EXERCISE DESCRIPTION:
Output only the lines below from the one containing "Foxy's Cabaret logo" to the one containing "مطار بن غوريون", exactly as written, both ends kept.

MATERIAL PROVIDED: Begin

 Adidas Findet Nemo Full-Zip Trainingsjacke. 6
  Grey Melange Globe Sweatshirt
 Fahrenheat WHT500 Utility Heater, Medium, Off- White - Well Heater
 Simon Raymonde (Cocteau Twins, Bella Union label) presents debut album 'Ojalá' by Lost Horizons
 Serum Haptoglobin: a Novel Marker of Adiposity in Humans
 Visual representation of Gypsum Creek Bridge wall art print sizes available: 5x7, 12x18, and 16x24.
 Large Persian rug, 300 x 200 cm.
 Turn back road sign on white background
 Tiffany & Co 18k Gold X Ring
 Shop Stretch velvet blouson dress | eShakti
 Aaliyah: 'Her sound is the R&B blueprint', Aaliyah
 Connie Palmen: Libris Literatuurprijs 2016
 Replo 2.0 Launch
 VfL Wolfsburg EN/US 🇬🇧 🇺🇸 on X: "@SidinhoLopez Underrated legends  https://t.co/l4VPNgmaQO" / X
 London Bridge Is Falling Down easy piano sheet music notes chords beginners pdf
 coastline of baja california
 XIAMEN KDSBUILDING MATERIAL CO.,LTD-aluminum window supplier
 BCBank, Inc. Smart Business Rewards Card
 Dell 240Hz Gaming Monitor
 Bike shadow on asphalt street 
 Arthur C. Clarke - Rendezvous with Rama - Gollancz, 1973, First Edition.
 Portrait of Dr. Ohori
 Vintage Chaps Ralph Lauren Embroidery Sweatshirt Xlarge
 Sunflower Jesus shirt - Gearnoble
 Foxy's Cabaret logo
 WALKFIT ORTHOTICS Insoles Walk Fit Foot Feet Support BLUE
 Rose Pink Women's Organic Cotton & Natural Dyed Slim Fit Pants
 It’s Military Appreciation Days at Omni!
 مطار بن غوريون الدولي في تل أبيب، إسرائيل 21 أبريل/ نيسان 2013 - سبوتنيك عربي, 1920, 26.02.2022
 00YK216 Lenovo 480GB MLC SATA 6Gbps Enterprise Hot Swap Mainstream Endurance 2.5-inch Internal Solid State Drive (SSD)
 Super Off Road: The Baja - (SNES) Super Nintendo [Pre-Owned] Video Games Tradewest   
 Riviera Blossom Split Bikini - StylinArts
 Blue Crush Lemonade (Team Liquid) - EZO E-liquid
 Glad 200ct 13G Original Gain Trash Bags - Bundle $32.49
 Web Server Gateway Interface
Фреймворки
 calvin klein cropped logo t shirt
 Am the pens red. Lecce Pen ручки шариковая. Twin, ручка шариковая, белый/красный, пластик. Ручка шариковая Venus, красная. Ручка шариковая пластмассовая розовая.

MATERIAL PROVIDED: End

THE COMPLETED TASK:
 Foxy's Cabaret logo
 WALKFIT ORTHOTICS Insoles Walk Fit Foot Feet Support BLUE
 Rose Pink Women's Organic Cotton & Natural Dyed Slim Fit Pants
 It’s Military Appreciation Days at Omni!
 مطار بن غوريون الدولي في تل أبيب، إسرائيل 21 أبريل/ نيسان 2013 - سبوتنيك عربي, 1920, 26.02.2022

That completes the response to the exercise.